Question

Knowing that a 0.90-kg object weighs 9.0 n , find the acceleration of a 0.90-kg stone in free fall .

Answer 1

The acceleration in a free fall would be
`10\; {\rm m\cdot s^(-2)}` at this location.

Step-by-step explanation:

This problem can be solved using Newton's Laws of Motions. By Newton's Laws of Motion, the acceleration of an object can be found by dividing the net force on the object by the mass of the object:

`\displaystyle (\text{acceleration}) = \frac{(\text{net force})}{(\text{mass})}`.

In a free fall, the net force on the object would be equal to gravitational attraction, since that would be the only force acting on the object.
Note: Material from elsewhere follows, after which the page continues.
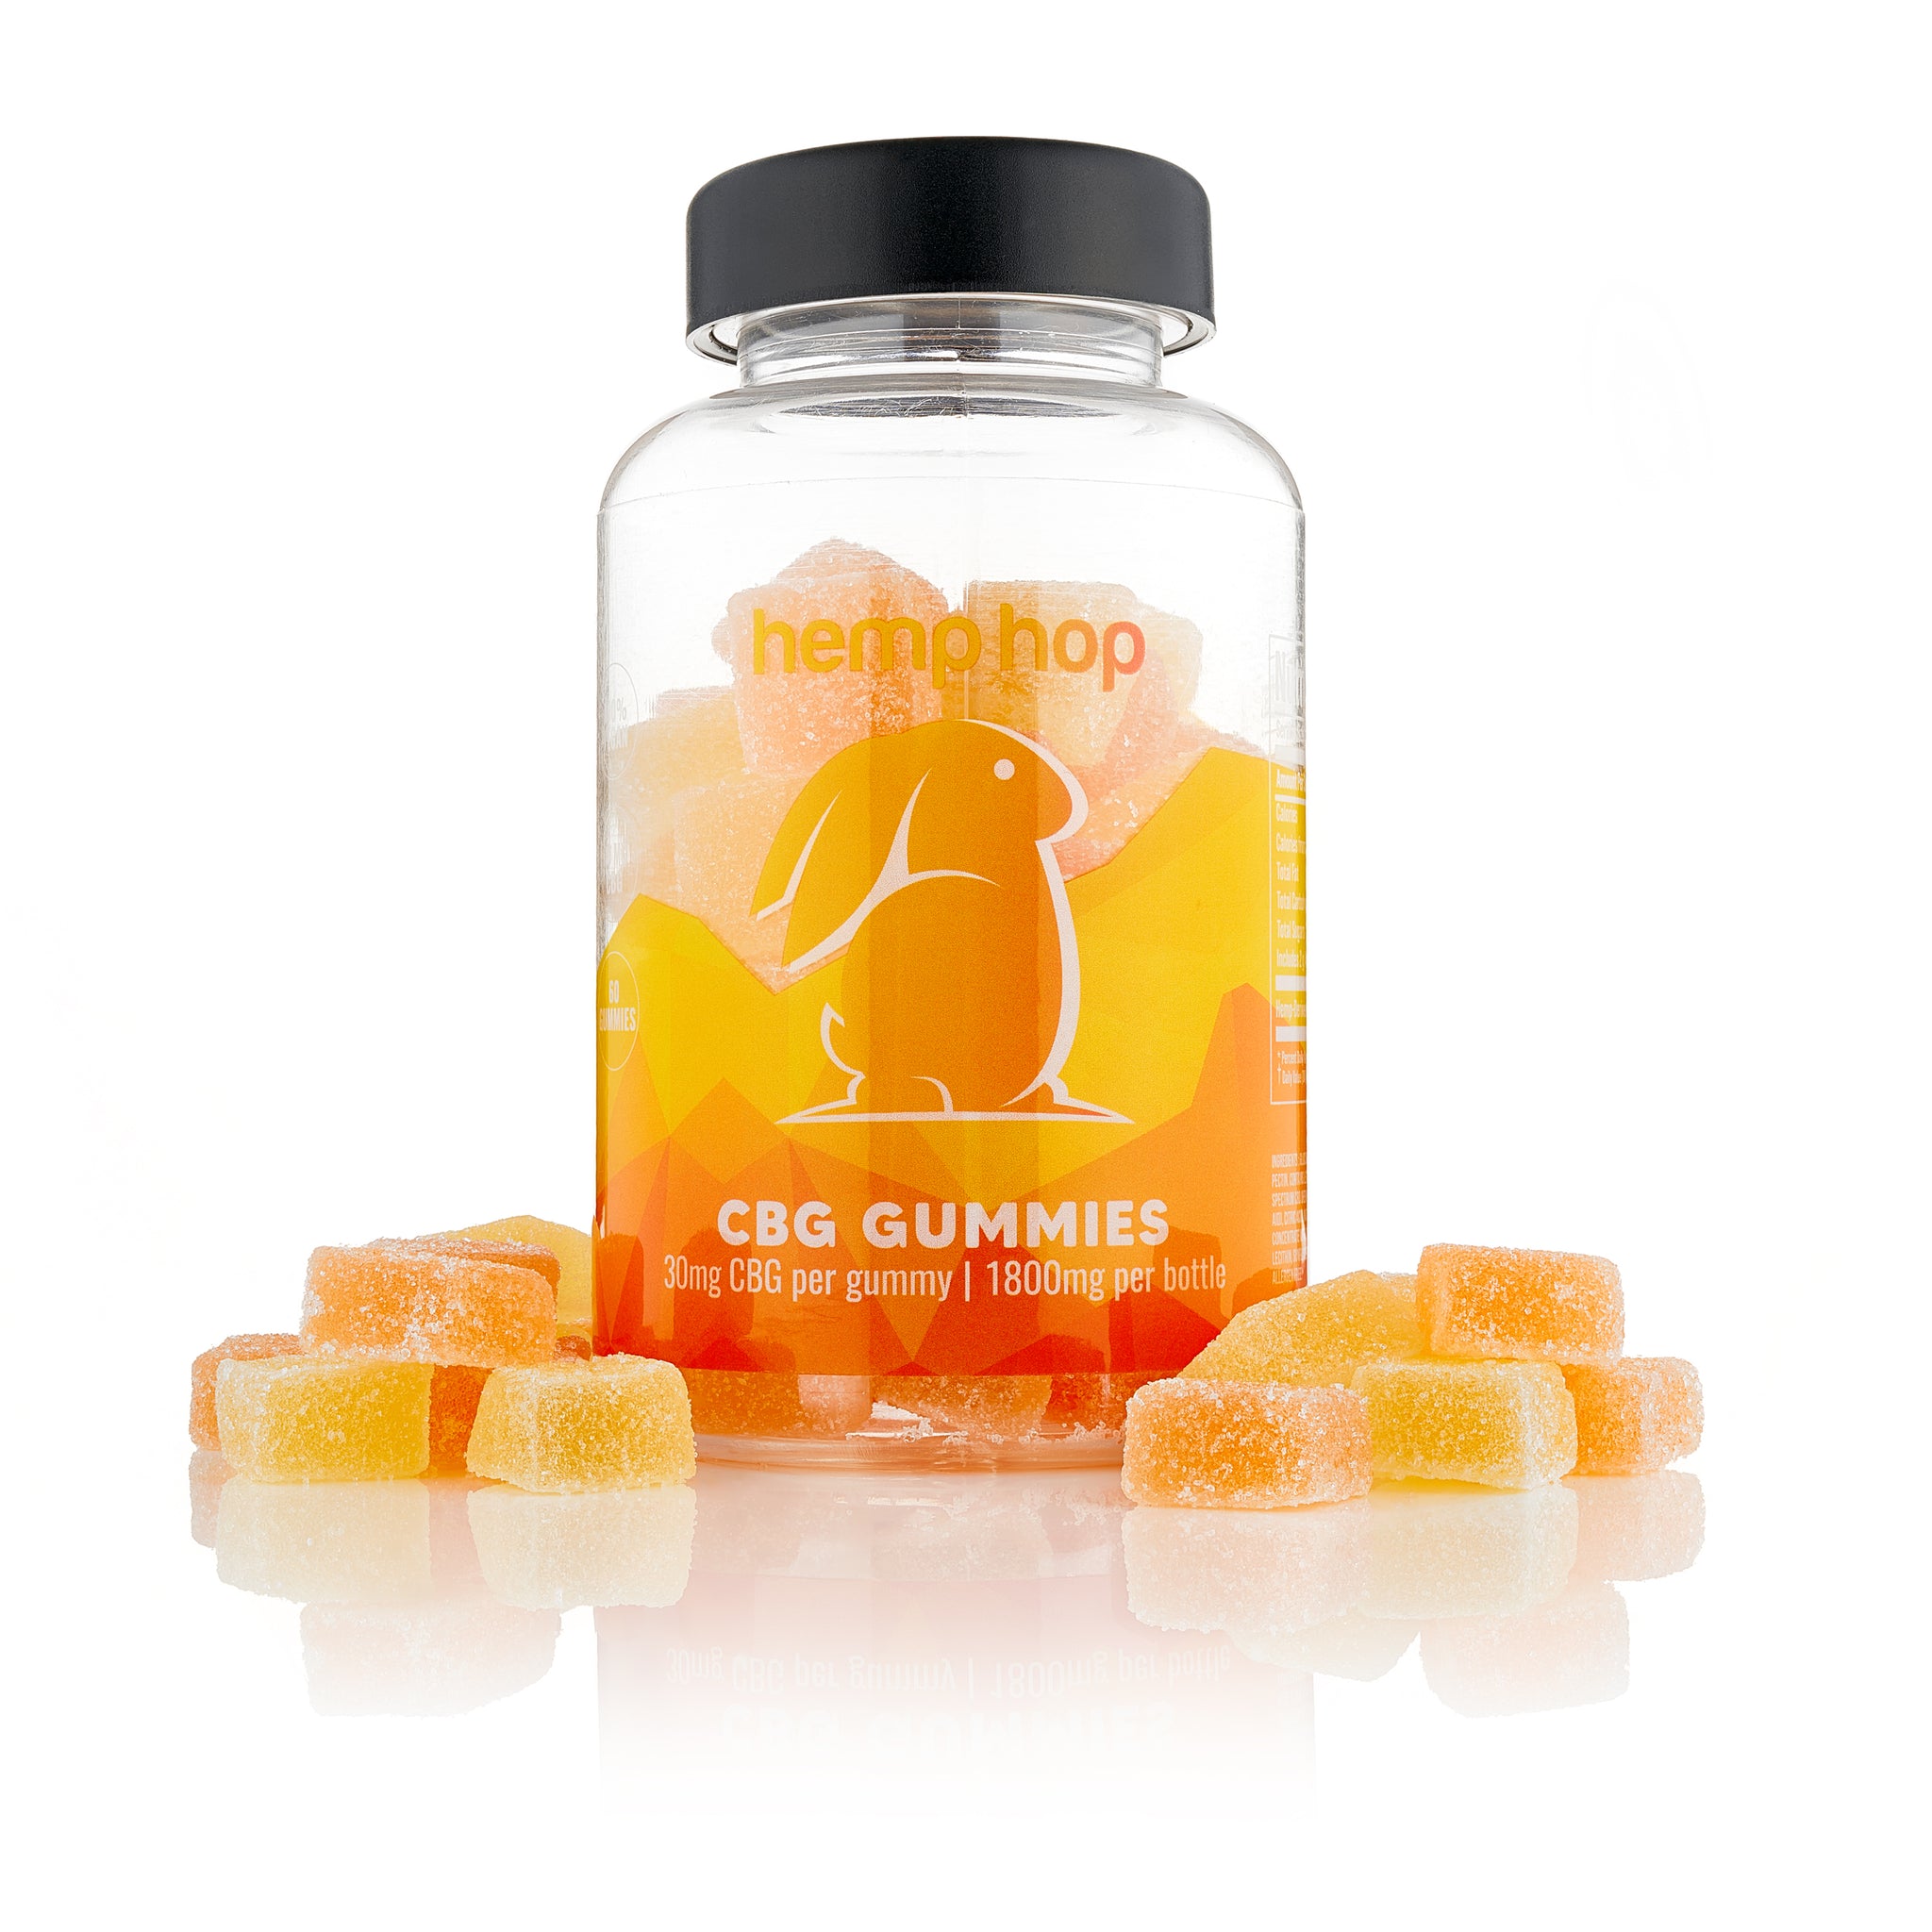 cbg gummies for energy

Note that gravitational attraction is also knowns as the weight of the object.

`(\text{net force in free fall}) = (\text{weight})`.

The acceleration of the object in the free fall would be:

`\begin{aligned}(\text{acceleration}) &= \frac{(\text{net force})}{(\text{mass})} \\ &= \frac{(\text{weight})}{(\text{mass})}\end{aligned}`.

In other words, the acceleration of the object in the free fall would be equal to the ratio between the weight and mass of the object. For the
`0.90\; {\rm kg}` object with a weight of
`9.0\; {\rm N}`, the free-fall acceleration would be:

`\begin{aligned}(\text{acceleration}) &= \frac{(\text{weight})}{(\text{mass})} \\ &= \frac{9.0\; {\rm N}}{0.90\; {\rm kg}} \\ &= 10\; {\rm m\cdot s^(-2)}\end{aligned}`.

(Note that in standard units,
`1\; {\rm N} = 1\; {\rm kg\cdot m\cdot s^(-2)}`.)

Additionally, at the same location of one particular gravitational field, the acceleration in a free fall is the same regardless of mass. Since the
`0.90\; {\rm kg}` object would accelerate at
`10\; {\rm m\cdot s^(-2)}` in a free fall, the
`0.90\; {\rm kg}` stone would accelerate at the same rate at this location in the gravitational field.